The concept of affordances provides a theoretical framework to explain and further assess social media use during emergencies. The affordance perspective allows a detailed assessment and delineation between the mere perception of social media features as enabling or restricting, their actualization, and respective outcomes (Strong et al., 2014). This article presents social media as a tool, which provides material features, that can be actualized to gather and exchange information about an incident (Mirbabaie & Zapatka, 2017), and thereby help users make sense of what is going on, as an outcome of the affordance. Accordingly, affordances will be used to provide the conceptual framework to explain the phenomenon of social media perception and feature actualization during emergency situations. Further, this article uses the affordance concept to contribute to knowledge of e.g. Emergency Management Agencies on affording social media to improve work practices. Affordances exist only in the relationship between technology materiality (i.e. features) and actor agency (i.e. goals for technology use). Accordingly, the affordance perspective allows a detailed assessment of how technology materiality and user action can influence cognitive processing (Mesgari & Okoli, 2018). Here, cognitive processing, which is a form of sense-making, explores cognition as a way for humans to apprehend the world during emergency situations or when they are at a loss for words to explain what is going on (Wong et al., 2013). Sense-making, includes cognitive processing to explain how humans align past experiences to current, highly complex situations to reduce uncertainty (Weick et al., 2005). The microblogging platform Twitter provides an ideal platform for sense-making as it is known for its quick diffusion of content because it restricts public messages to 280 characters (Mirbabaie & Zapatka, 2017). Research commonly focuses on how sense-making affects user action, rather than exploring how user action can affect sense-making (Mesgari & Okoli, 2019). In their article, the scholars highlight as general shortcomings in research:

The lack of technology materiality, the neglect of the discovery aspect of perception, and the lack of action orientation across technology sense-making research. (Mesgari & Okoli, 2019, p. 216)

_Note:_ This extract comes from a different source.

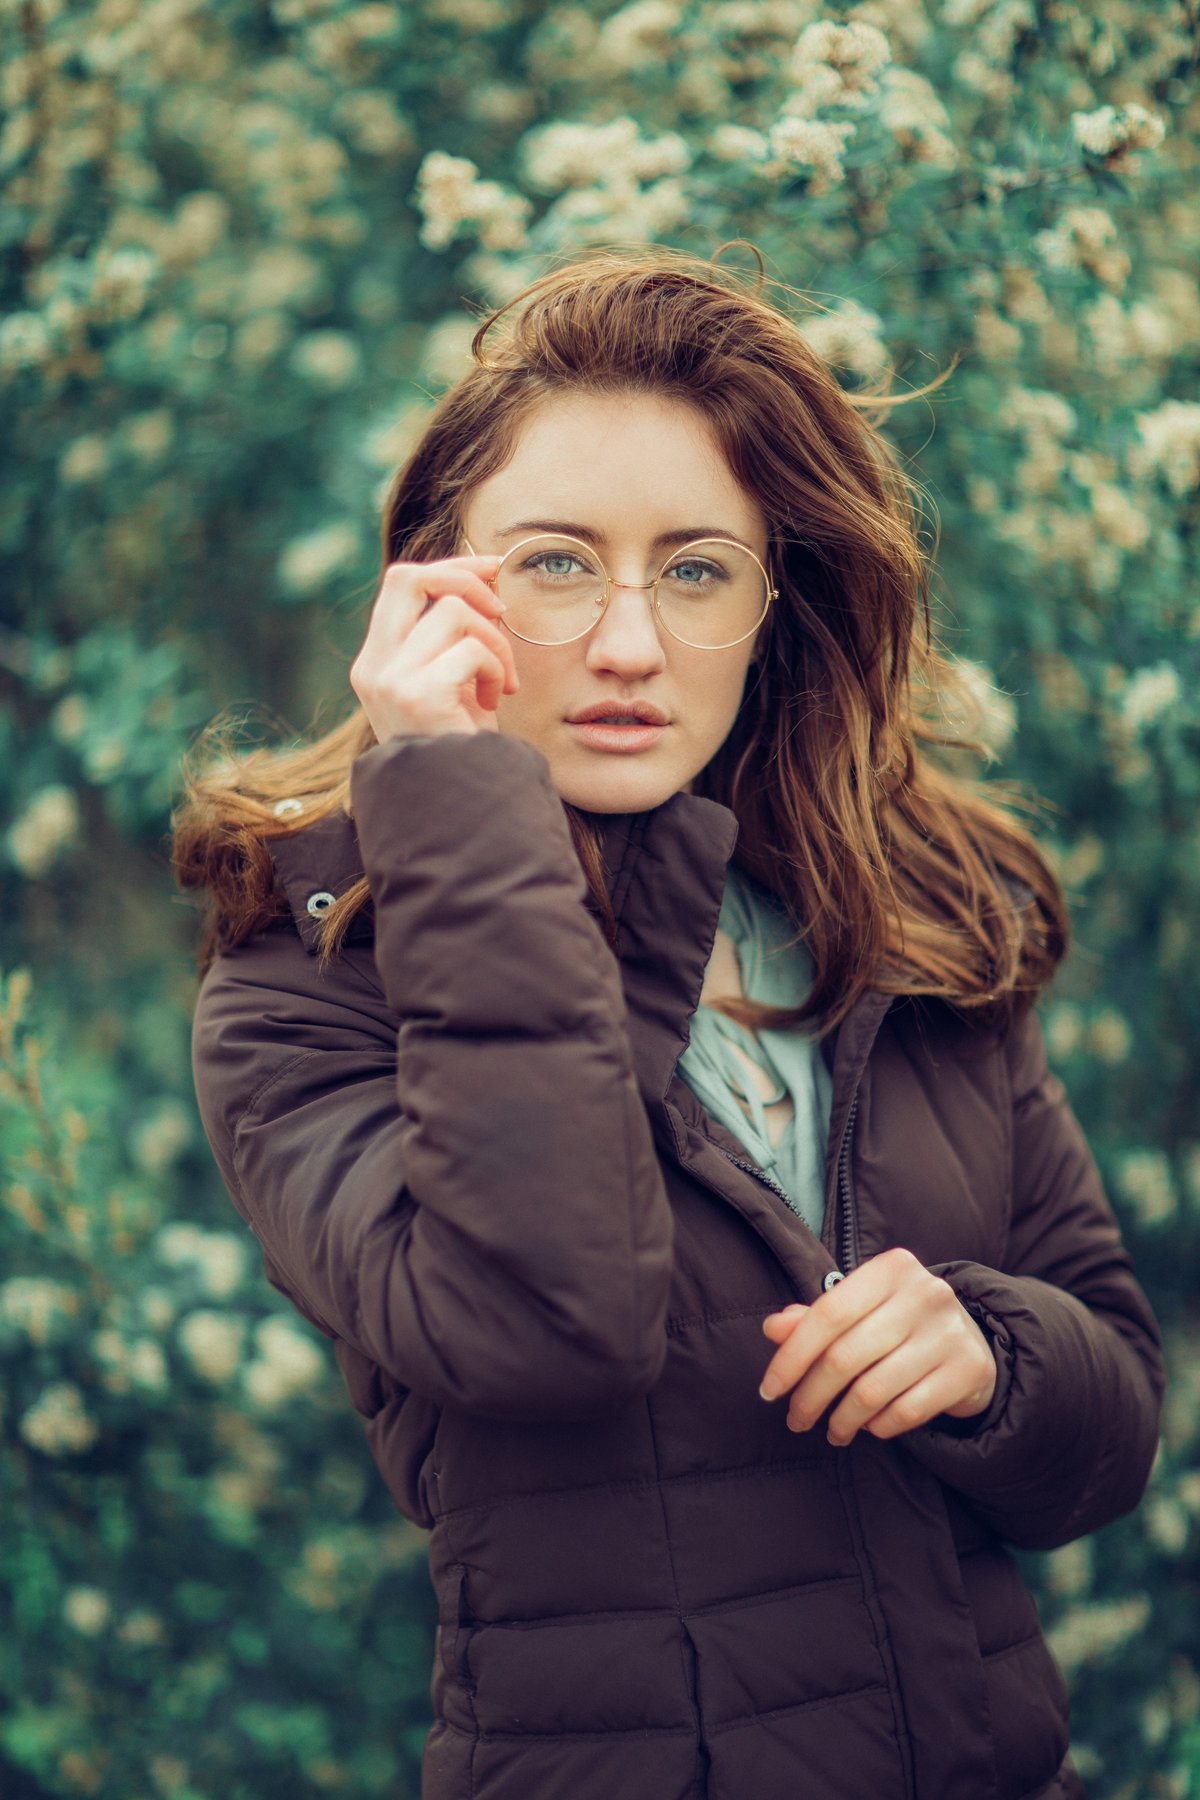 Portrait Photo Of Young Woman In Brown Coat Los Angeles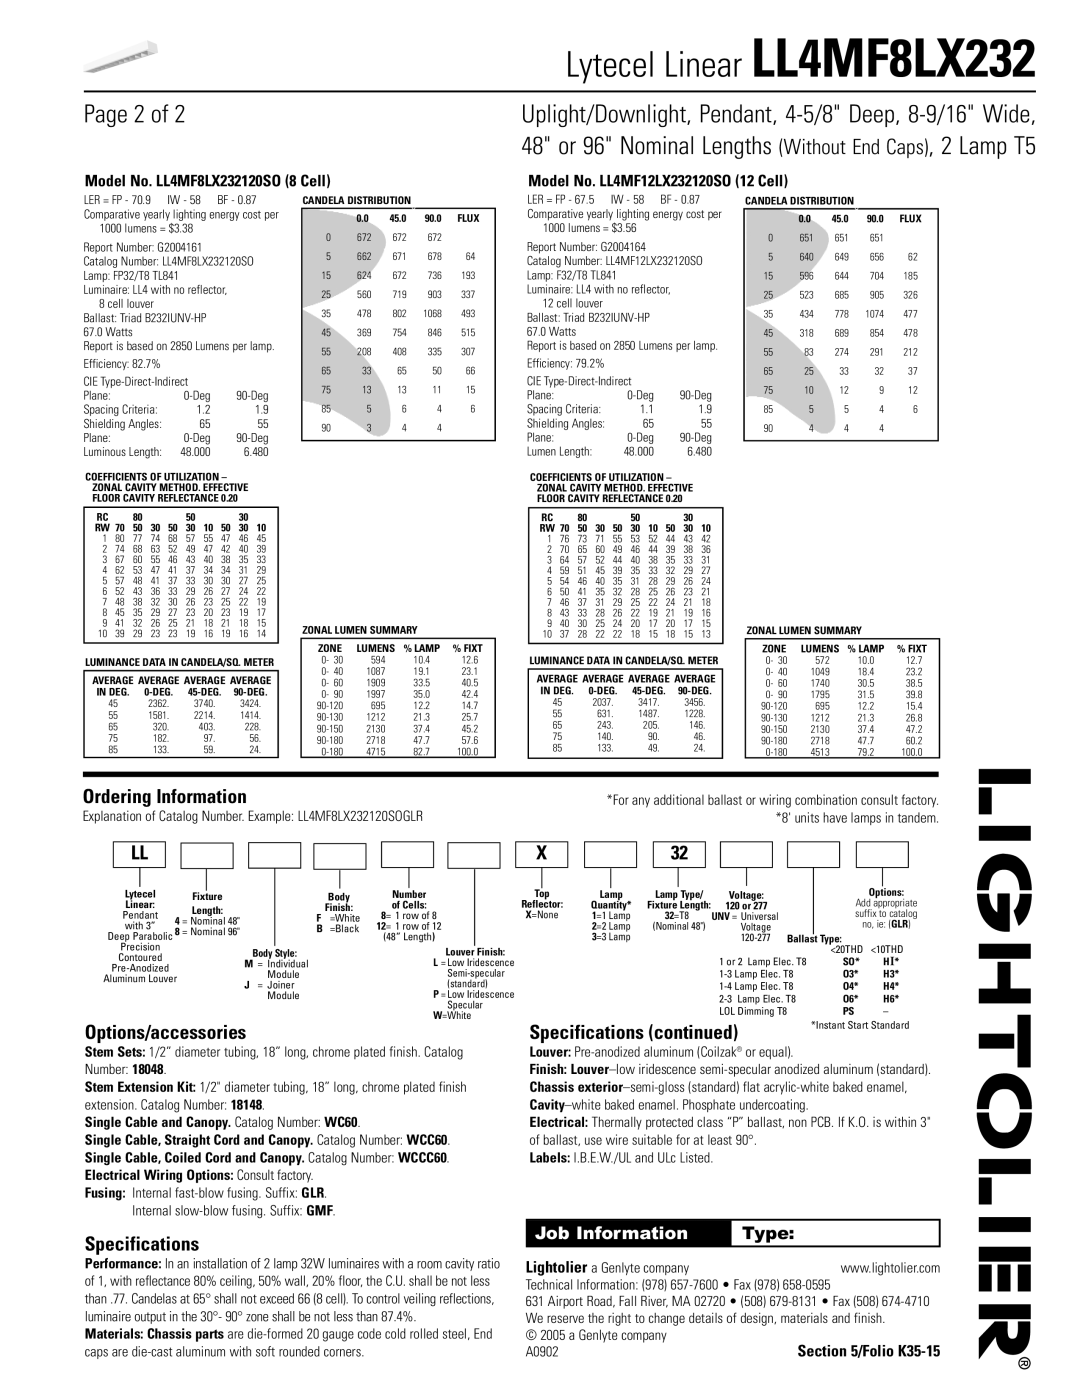 Lightolier LL4MF8LX232 Page 2 of, Ordering Information, Options/accessories, Specifications continued, Job Information

Accordingly, this article uses an affordance perspective to understand sense-making processes, which can close the gap by providing both, perception and consequent technology actualization during technology use (Mesgari & Okoli 2019). Further, as pointed out by Werkhoven (2017), combining affordances and sense-making assessments will provide knowledge on the action potentials of social media and their enabling sense-making mechanisms and processes, which in turn informs practice on the impact and importance of social media use in emergency situations. Additionally, building on the literature-based findings of Mesgari and Okoli (2019), an empirical assessment of action-related perception and actualizations of social media (i.e. Twitter) during an emergency situation will be provided to understand the effects on sense-making. Accordingly, this article asks:

RQ: How does affording social media technologies during an emergency situation lead to sense-making and how does that inform practice-oriented emergency management?